Ce que le dictionnaire définit comme la « combinaison d'éléments qui, formant un ensemble, ont des positions relatives variables ». On ne saurait mieux dire. C'est au bord des étangs d'Ixelles que s'ouvre le roman. Avec vue sur la Pagode, une vaste maison composite où feu l'architecte Bram van Stockel a exprimé en même temps que sa nostalgie pour un Art nouveau, alors en perte de crédit, son amour des japonaiseries. Dans cette demeure excentrique vit aujourd'hui Marc, son « neveu » (en fait, son fils) avec Siggi Heller, fils de commerçants en bonneterie qui, bon gré, mal gré, se sont faits à cette relation homosexuelle.

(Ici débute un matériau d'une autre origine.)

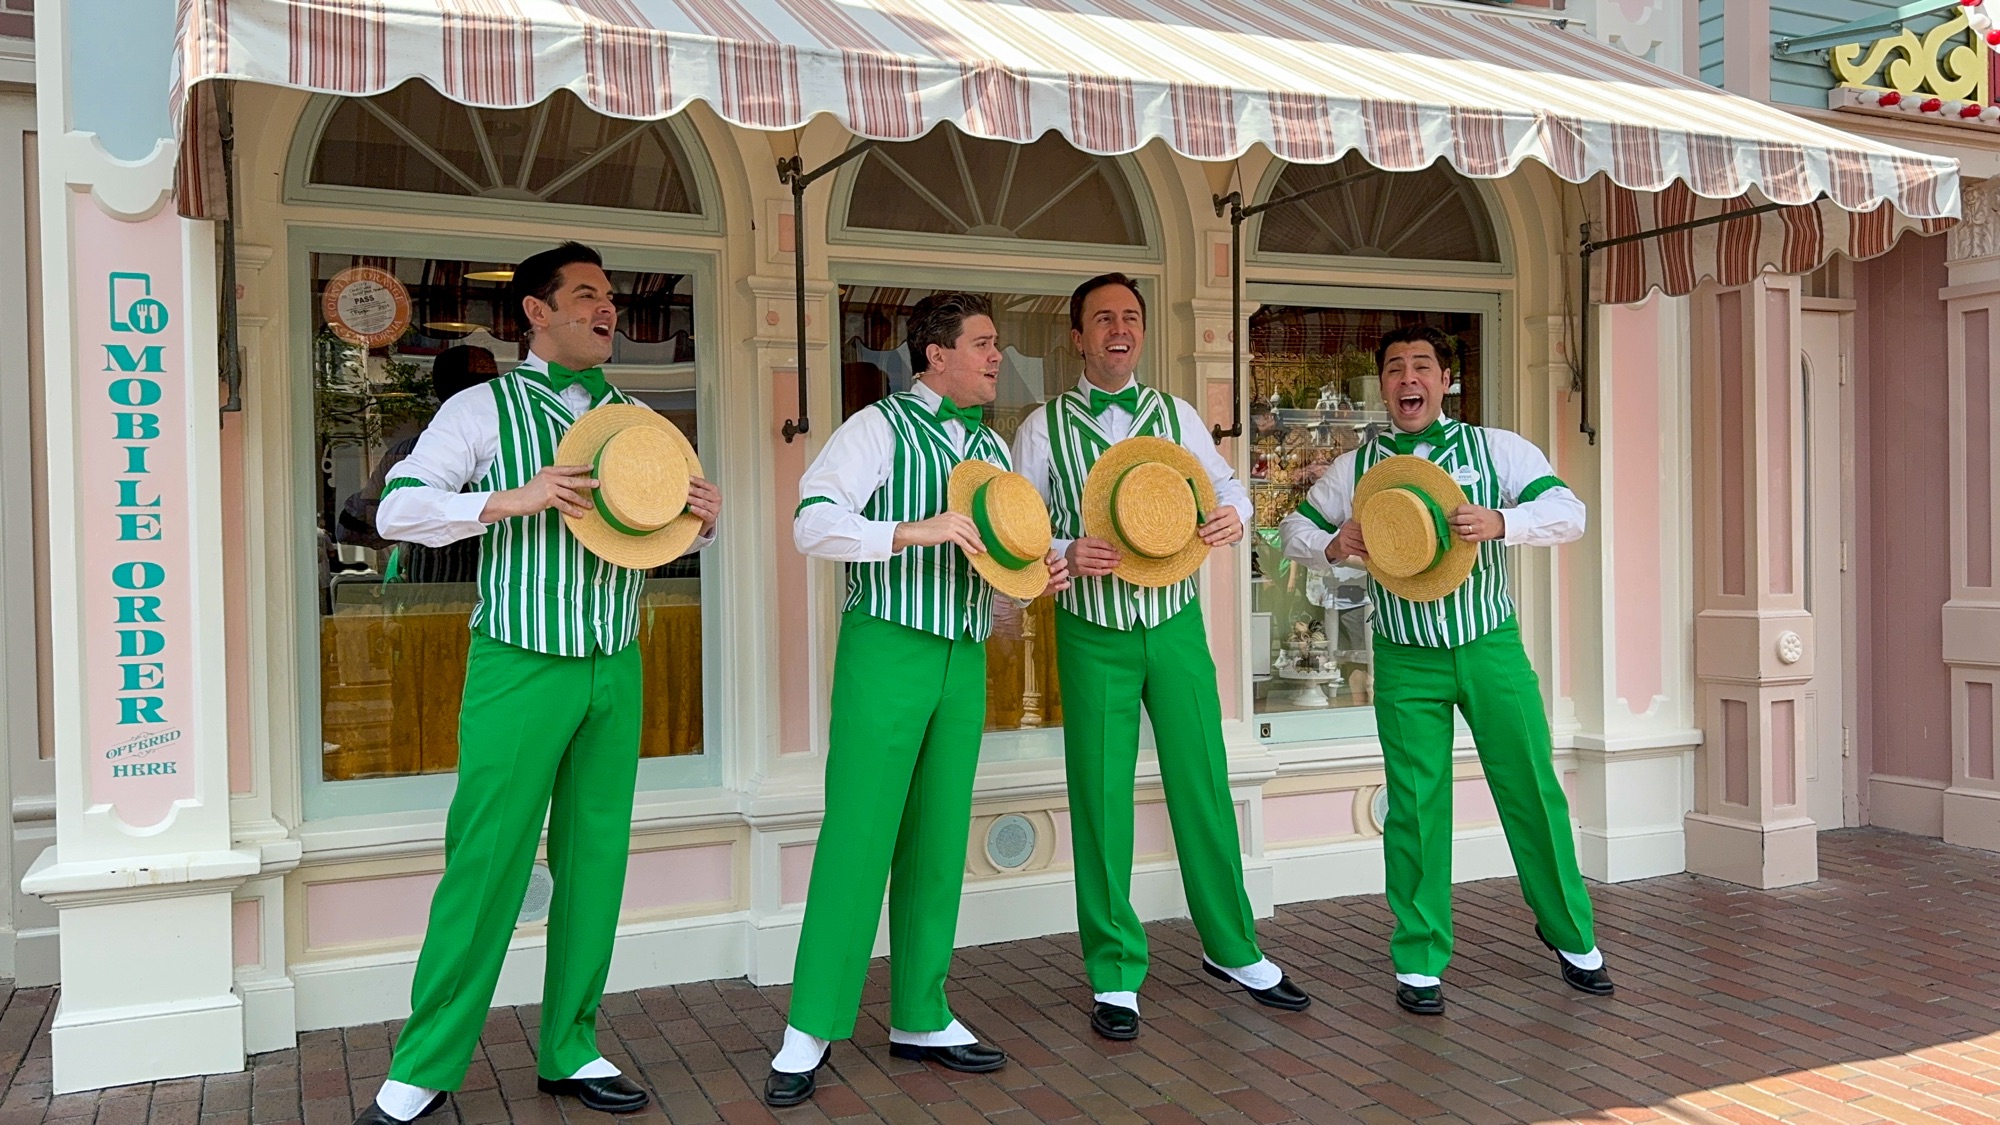 Dapper Dans Dress Their Irish Best for St. Patrick’s Day at Disneyland

Ils ont eu pour vendeuse Tania, mélange de bonne volonté et de gaucherie, vivant avec Gérald, praticien de l'immobilier et égoïste ordinaire enfoncé dans ses habitudes comme dans la musique horlogère de Vivaldi qu'il révère. Evelyne, sa femme légitime l'a quitté naguère alors que leur fille Julia était encore une enfant. On approche là un des axes majeurs de cette construction romanesque : qu'est devenue cette mère dont Gérald dit n'avoir plus de nouvelles à Julia qui veut en savoir plus ? Et pourquoi Gérald n'a-t-il jamais songé à proposer le mariage à Tania qui se morfond ? Autre foyer de fièvres en sens divers : la décision de Marc et Siggi de profiter de la toute récente loi sur le mariage des homosexuels pour passer bravement à l'acte. Si les parents de Siggi acceptent la chose, ce n'est pas le cas de Jeanne van Stockel qui introduit dans le roman une personnalité rêche et tout en aigreur. Elle est la veuve de Kobe van Stockel, père officiel de Marc et frère de Bram qui, dans un moment d'égarement, a fait cet enfant à sa belle-soeur en tout début de veuvage. L'idée, insupportable pour elle, de voir son fils « posthume » la ridiculiser publiquement par ce mariage nous vaut une scène épique, furieuse et paradoxale au cours de laquelle elle tente par tous les moyens de convaincre le prêtre, familier de la famille, de déjouer l'entreprise. En vain : « Le Père Lacaze était un homme patient et désabusé, habitué au harcèlement de mégères cultivées et opulentes (les pires !)… » et qui ne se dit pas étonné qu'avec une mère pareille, Marc ait pris les femmes en horreur. On retrouve dans ces lignes, comme à travers tout le roman et d'ailleurs toute l'œuvre de Mallet-Joris, le ton et les notations, furtives ou non, dont elle use pour brocarder l'univers conventionnel et arrogant d'une certaine bourgeoisie qu'elle a fuie d'emblée. Du reste, la topographie du roman n'est pas innocente. Elle se distribue depuis l'avenue Louise et les étangs d'Ixelles vers des quartiers plus populaires selon une logique en parfait accord avec les personnalités et l'action en cause. Dans ce microcosme romanesque, riche en développements inattendus comme en portraits subtils, et régenté par les intermittences du coeur, chacun, ou presque, finira par trouver la place méritée par sa quête de vérité et sa puissance d'amour.